プロトコル合意のための施設訪問では、まずプロトコルや治験薬の概要について説明をします。選定調査の時にも説明はしていますけれども、プロトコル案から正式なプロトコルになる際に、少なからず変更されている箇所があるでしょうし、選定調査訪問の時から日にちが経っていれば、責任医師も内容を忘れているでしょうから、資料の事前提供に加えて、合意の前にはプレゼンを行います。責任医師から、特にどういう患者さんをエントリーできるのか、選択・除外基準については質問を受けると思いますので、正確に答えられるような練習をしておきましょう。
そして合意が済んだら、初回IRB の準備のための打ち合わせです。
まず、同意説明文書の作成依頼をします。事前に依頼者案を提供しておき、それをアレンジして施設版として作成してもらいます。建前上の作成者は責任医師ですが、実際のほとんどの作業はCRCが行うと思います。もちろん、その過程で責任医師の意見を反映し、最終的には責任医師が作成者としての責任を負います。作成された施設版をモニターが受け取り、その内容をチェックして固定していきます。この時に施設が、依頼者としては編集して欲しくない箇所を削除や省略している場合、多くは社内での承認が必要です。GCP上、記載が義務付けられている箇所等が、そういう箇所に該当します。もし、施設版の中で、依頼者が受け入れ不可と判断する内容が含まれている場合は、モニターは、そのことを施設に説明して、作り直してもらわなければなりません。

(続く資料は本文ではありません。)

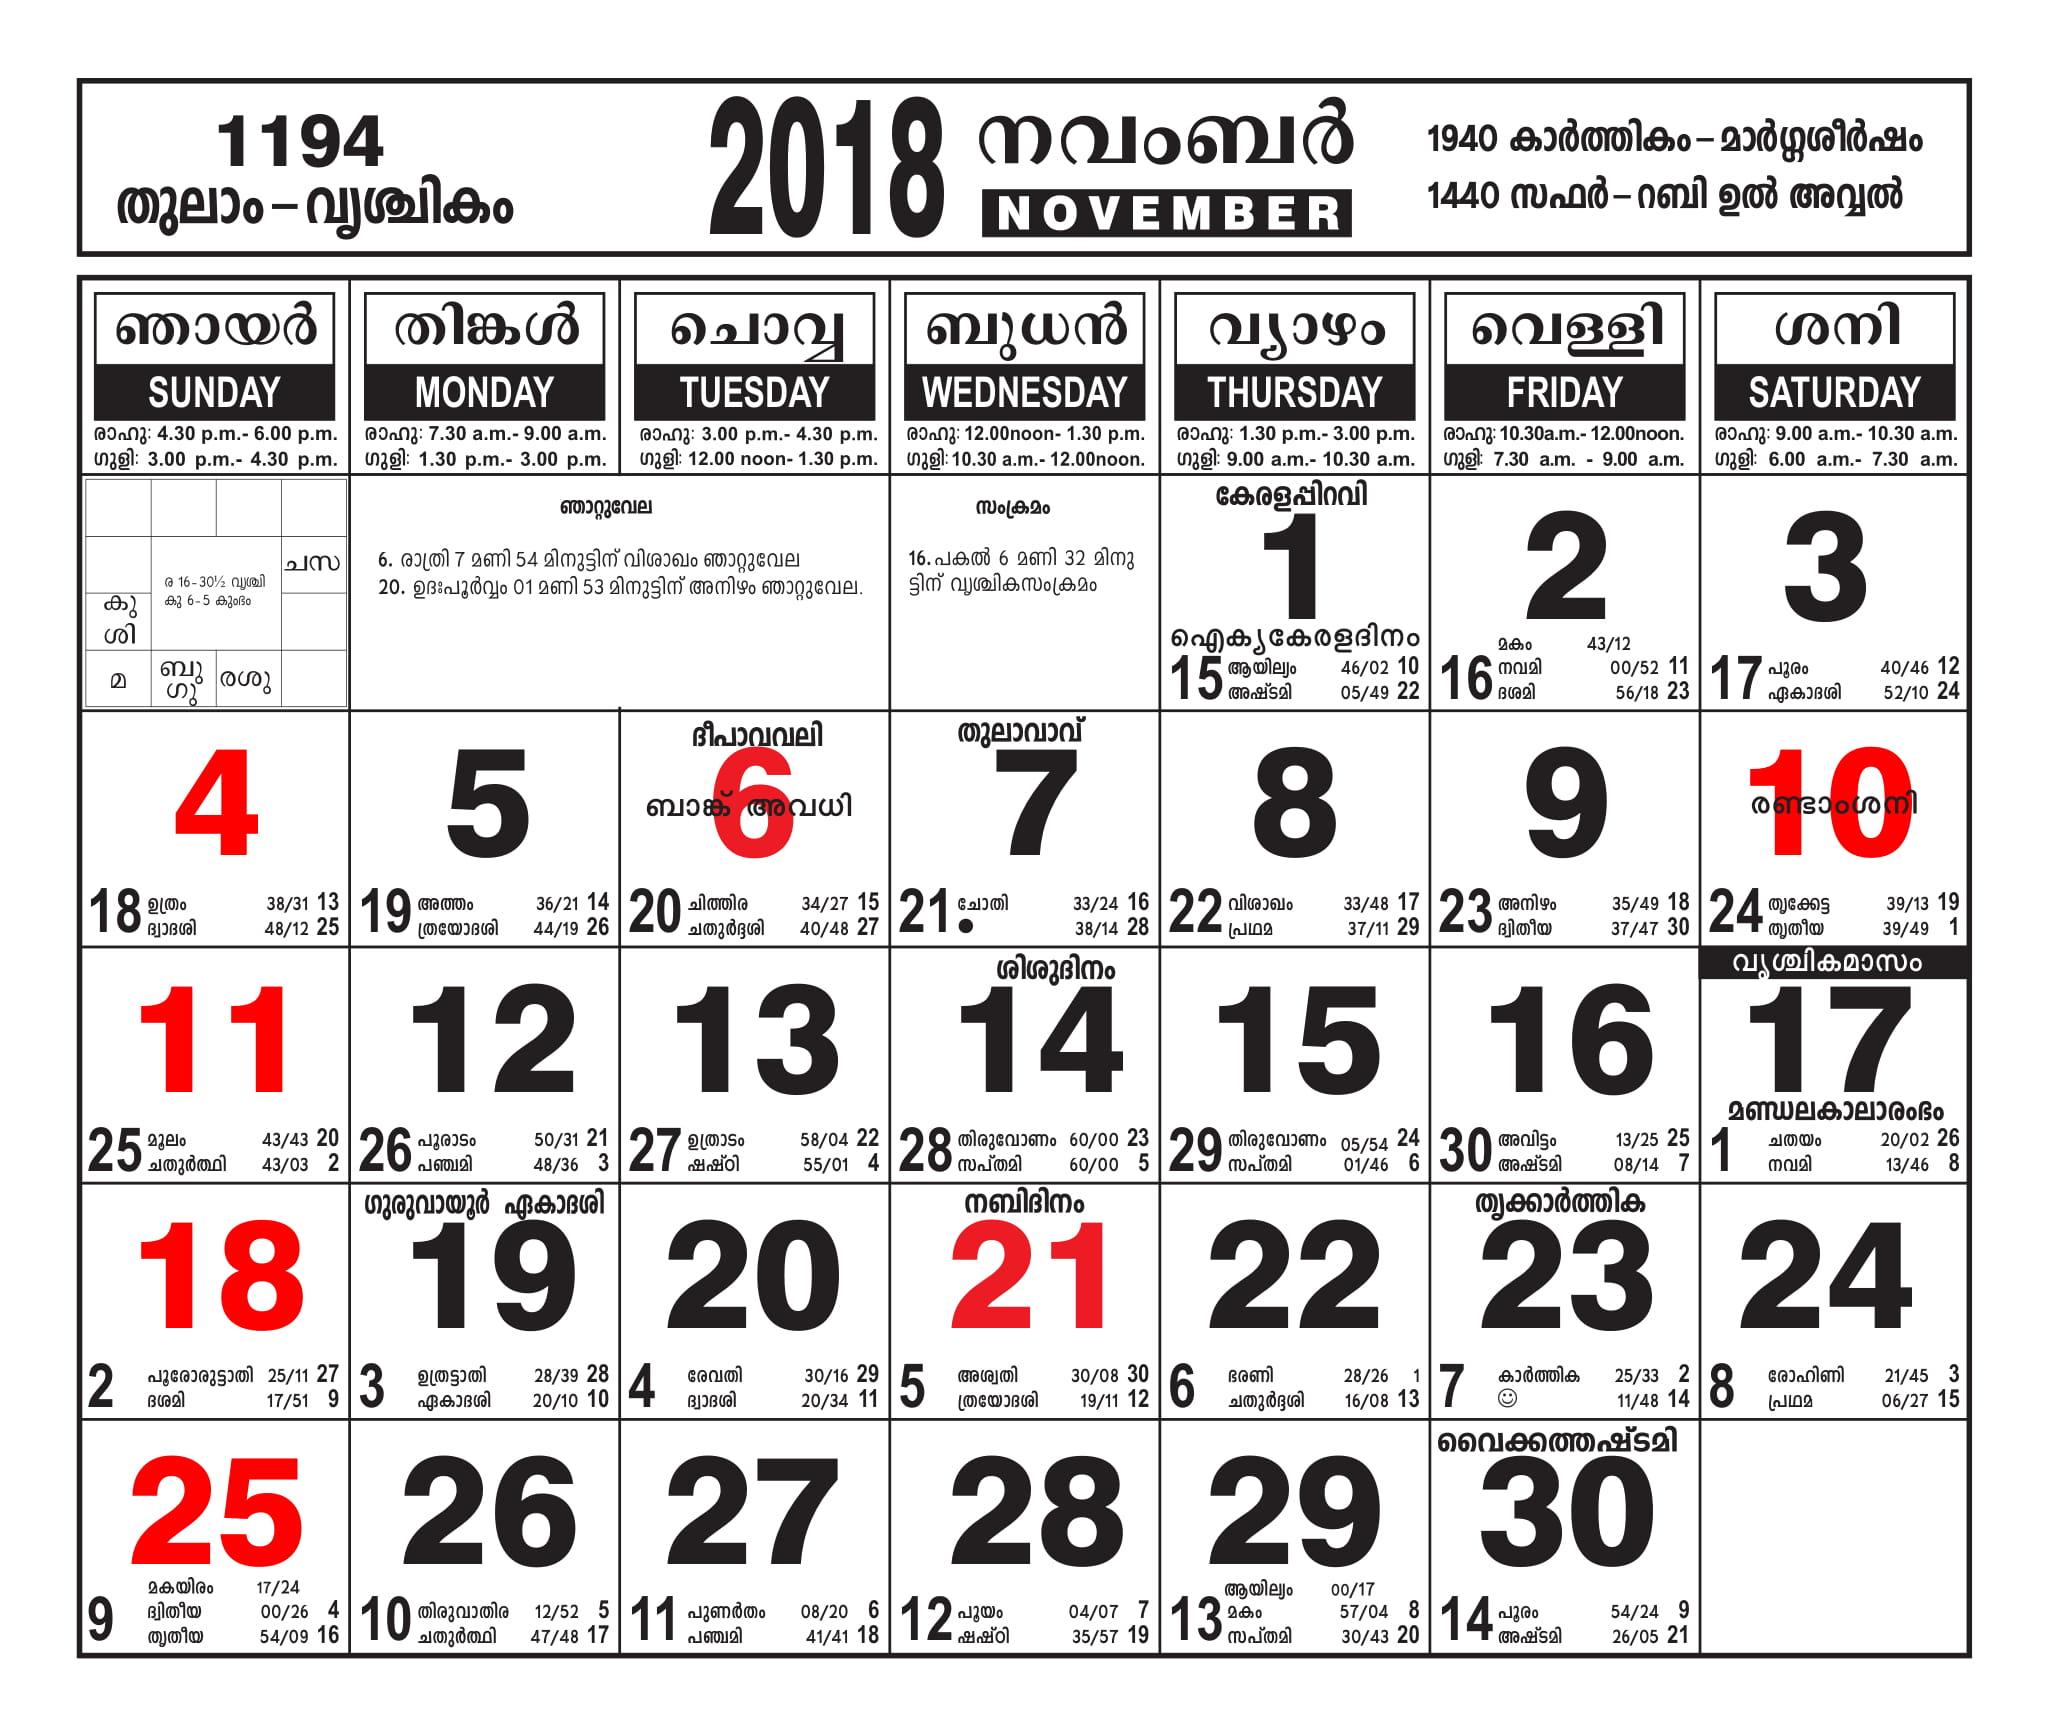 Malayalam Calendar 2020 November  Calendar Printable Free regarding Malayala Manorama Calendar 2021 November

それから、分担医師の氏名リスト、責任医師の履歴書の提供を依頼します。履歴書は、選定時に入手していれば、改めて入手する必要はありません。
被験者に支払う費用の資料の作成が必要ですので、その施設での負担軽減費や保険外併用療養費支給対象外経費の取り扱いの内容を、事務局の担当者から聞きます。これらの内容は、同意説明文書にも反映されますので、被験者に支払う資料と同意説明文書の内容が不整合にならないように注意しましょう。

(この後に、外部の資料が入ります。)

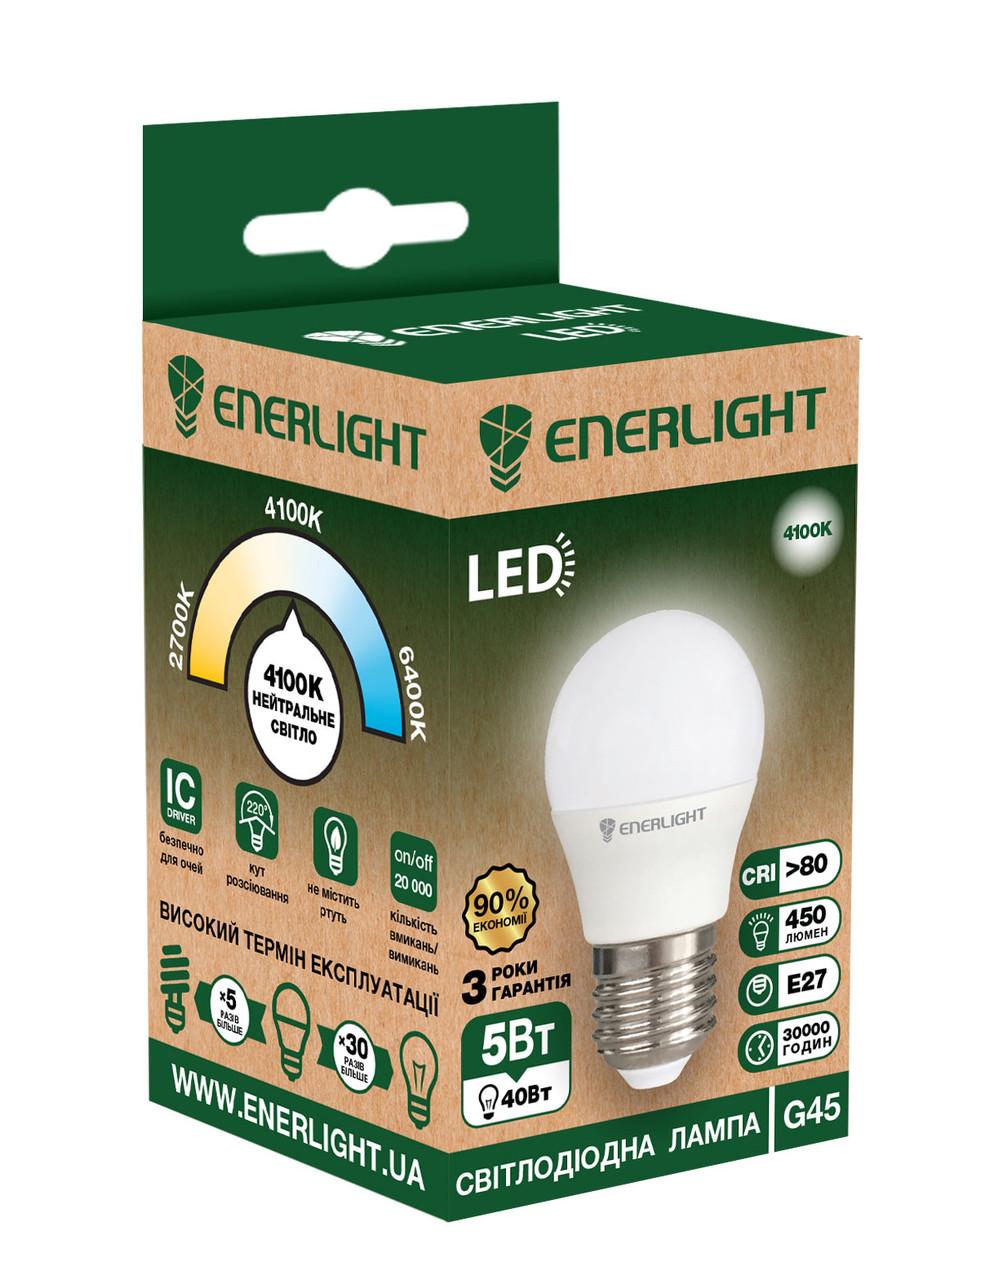 LED лампа Enerlight G45 5W 4100K E27

そしてプロジェクトの中で、ポスターとかリーフレットとか、被験者を募集する時のツールを用意しているのであれば、それを使うかどうか、CRCや責任医師と相談します。施設のホームページで募集広告を掲載する場合なども、被験者の募集手順としてIRB審査が必要ですので、そのような予定の有無も、IRBに間に合うように確認しておきます。
また可能であれば、症例登録のプランを考えてもらうように依頼しておきましょう。1例目は、何月何日に同意が取れそうかというプランです。新患頼みの治験では難しいですが、既存の患者さんから同意を取得する予定の場合には、患者さんの来院間隔と、IRBやスタートアップの予定を重ね合わせて予定を立ててもらいます。